◆ **PROBLEM DESCRIPTION**:
Output only the lines below from the one holding "Close-up of vineyard against sky" down to the one holding "D-Line Rainmaker", both end lines included and every picture dropped.

STORED DATA Start Marker

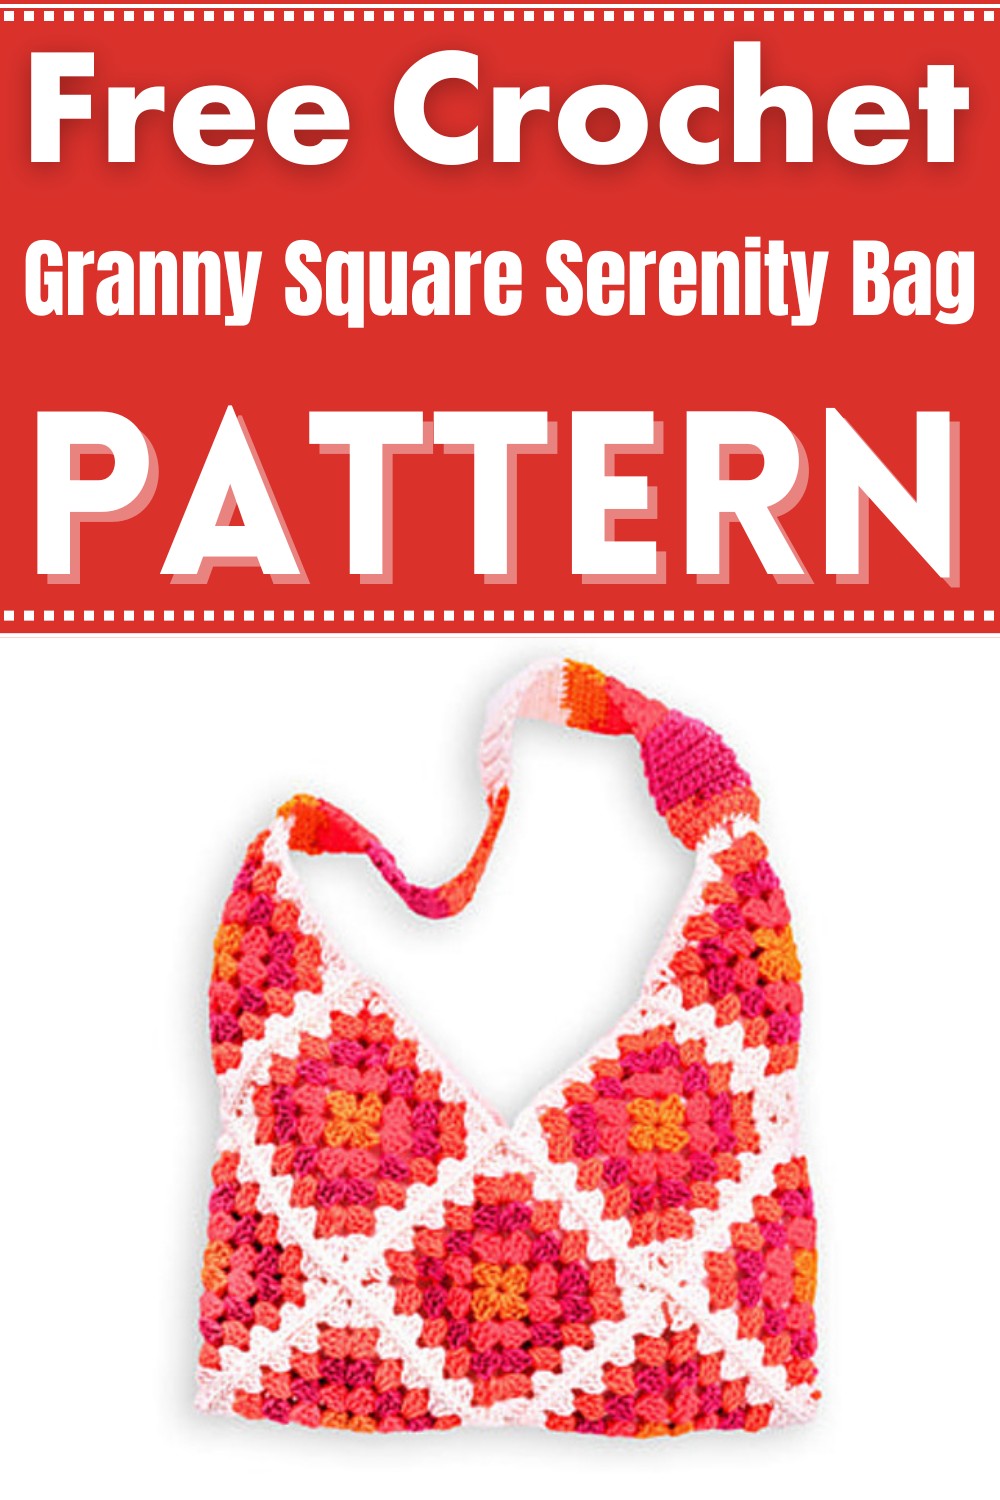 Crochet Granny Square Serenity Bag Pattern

STORED DATA End Marker
STORED DATA Start Marker

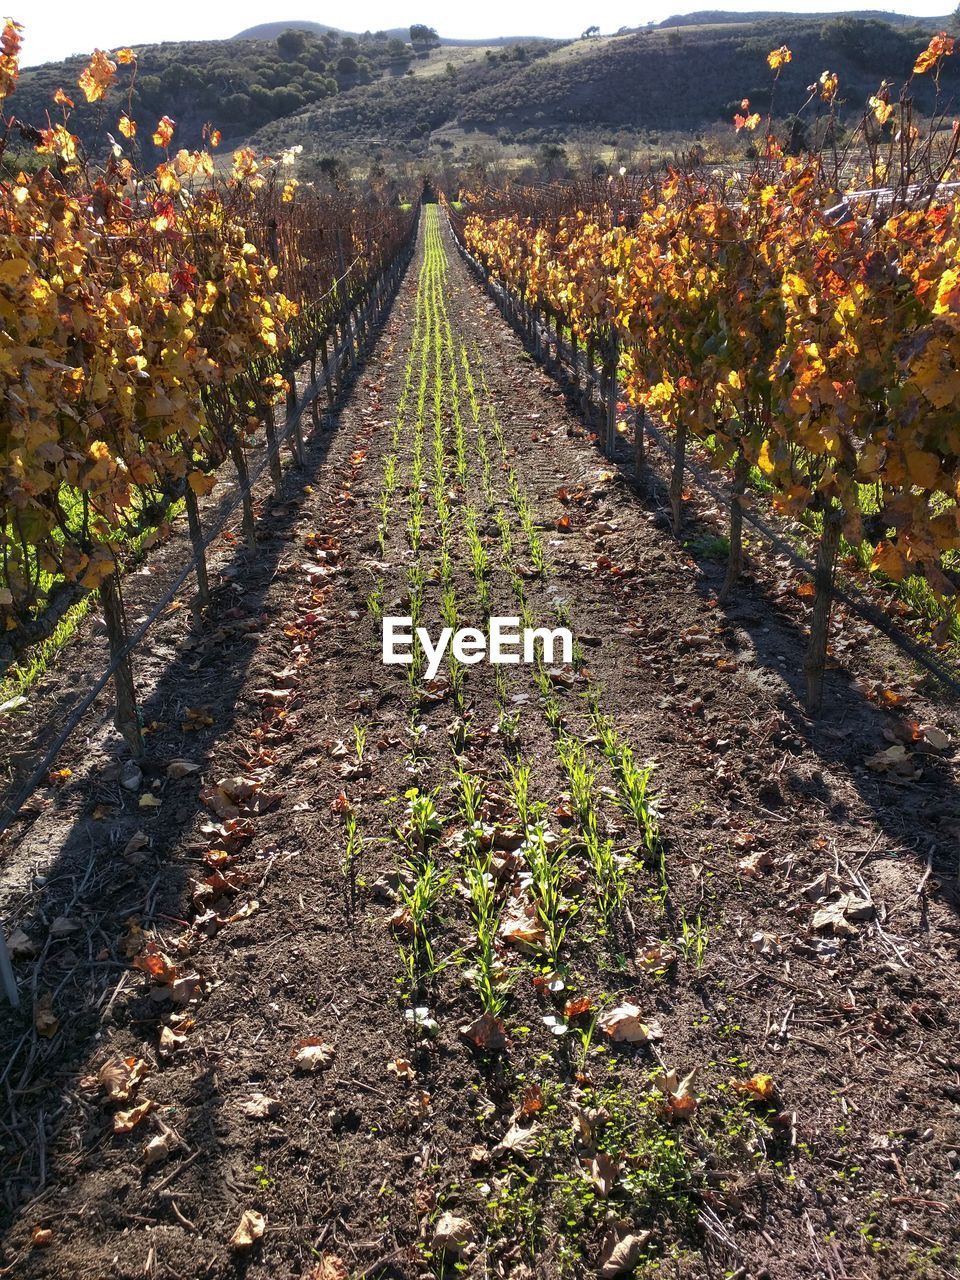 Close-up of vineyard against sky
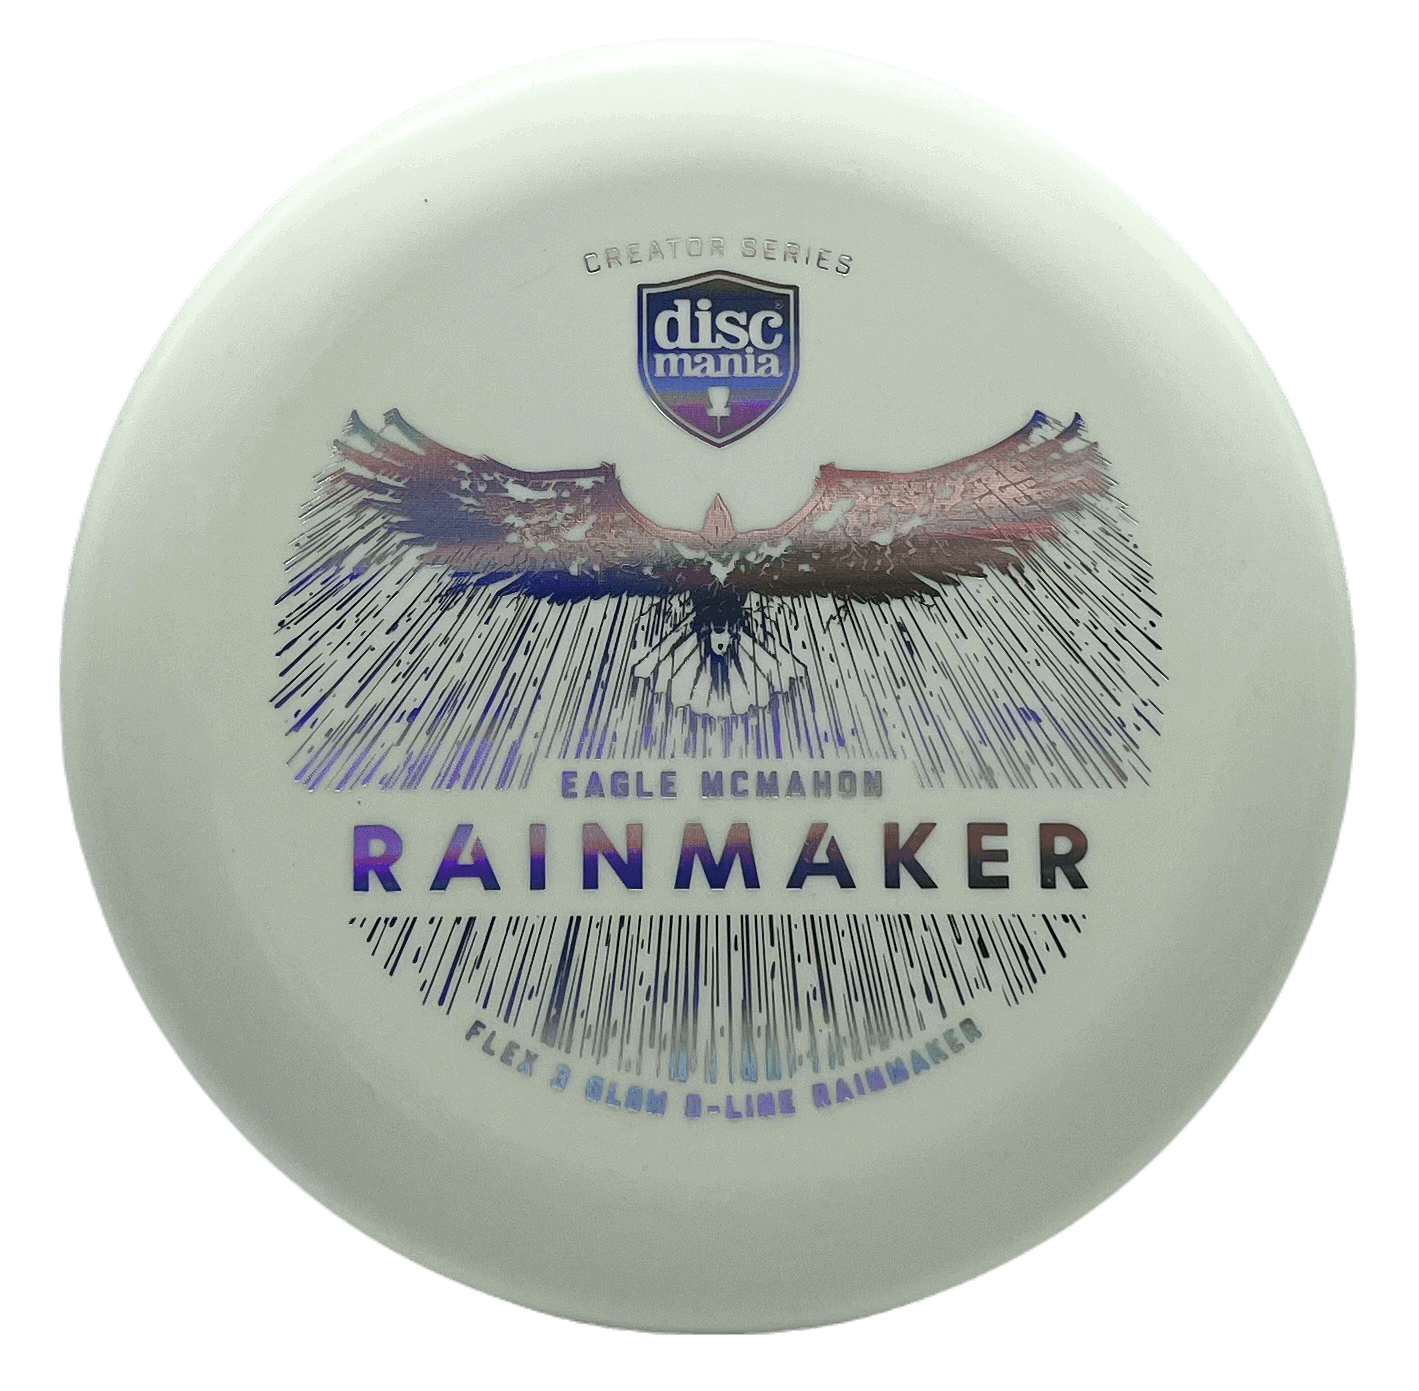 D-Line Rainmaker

STORED DATA End Marker
STORED DATA Start Marker

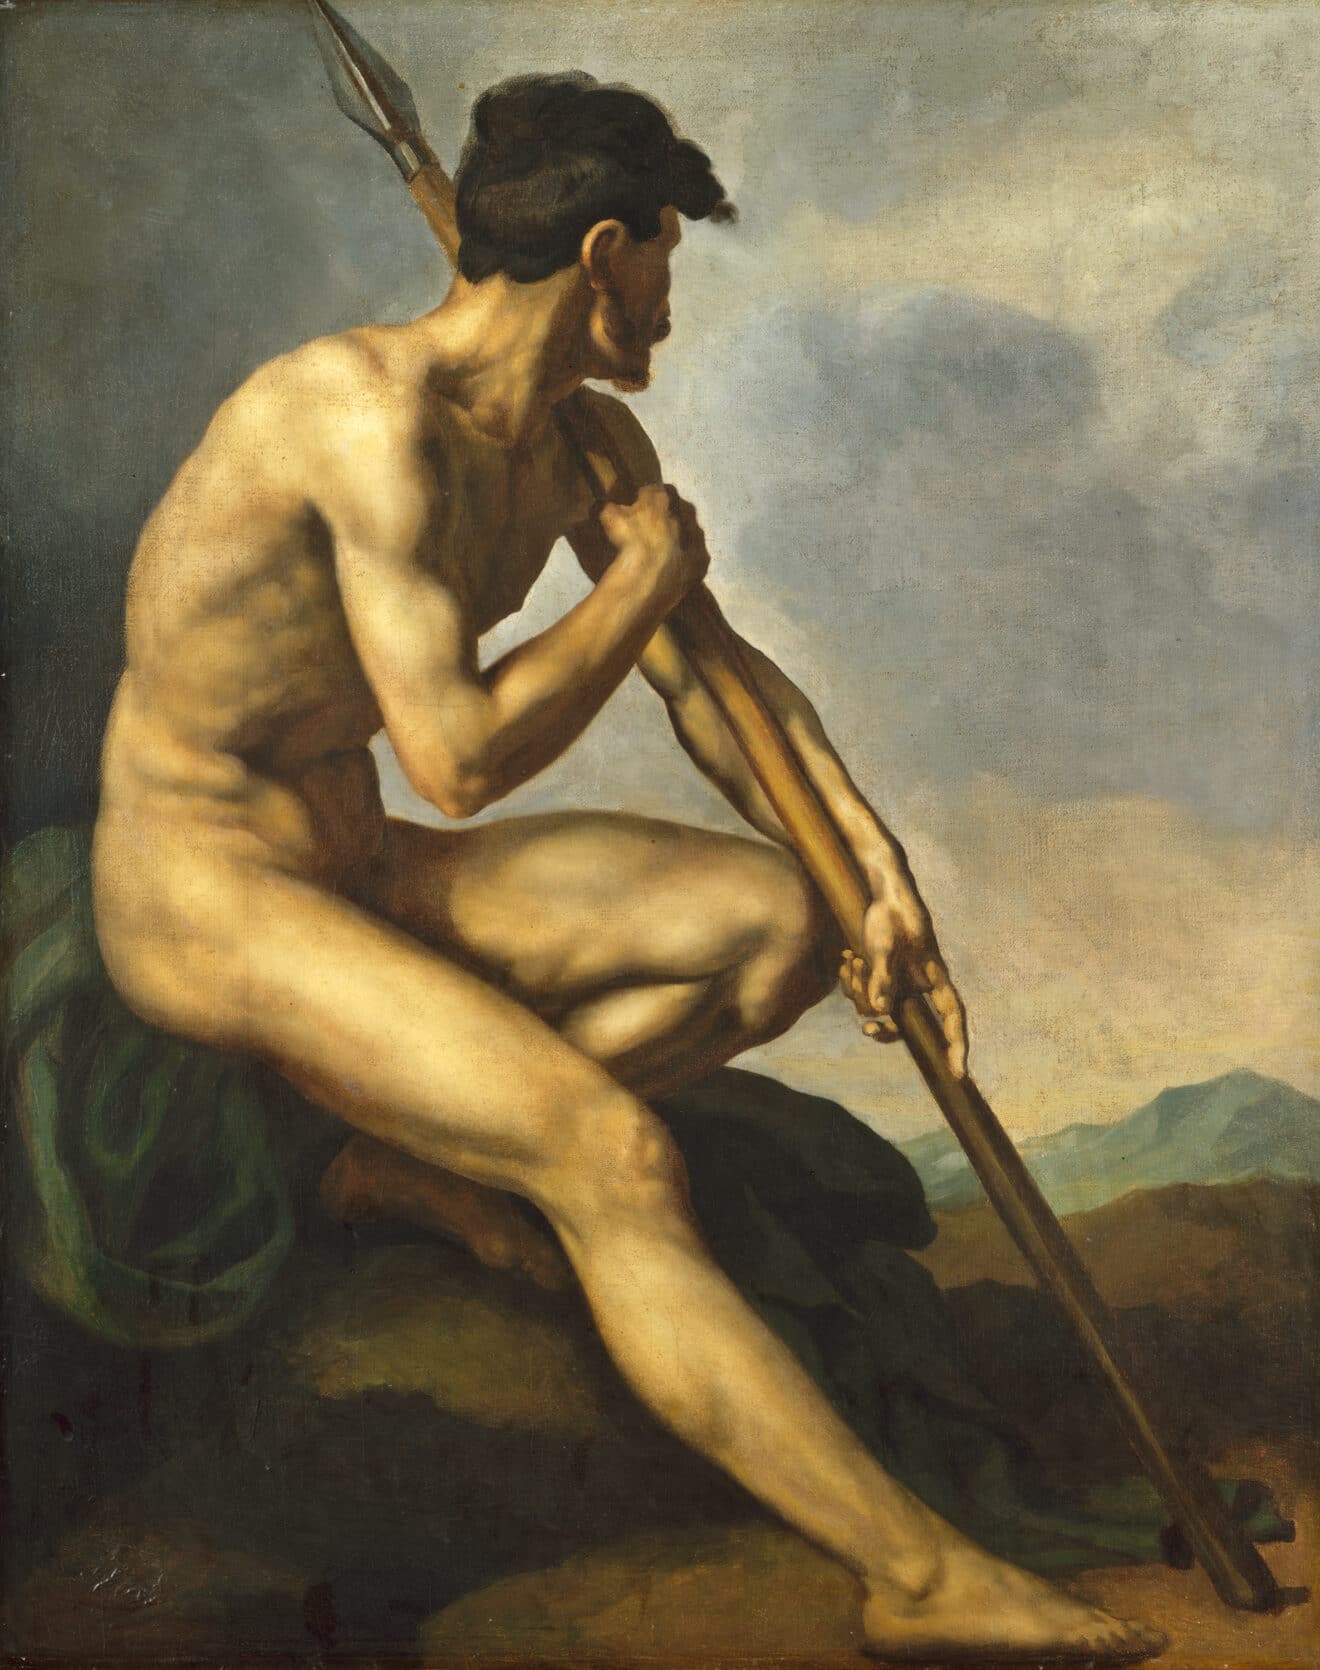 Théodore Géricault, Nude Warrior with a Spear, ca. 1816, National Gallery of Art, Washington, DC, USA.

STORED DATA End Marker

◆ **ANSWER TO THE EXERCISE**:
 Close-up of vineyard against sky
 D-Line Rainmaker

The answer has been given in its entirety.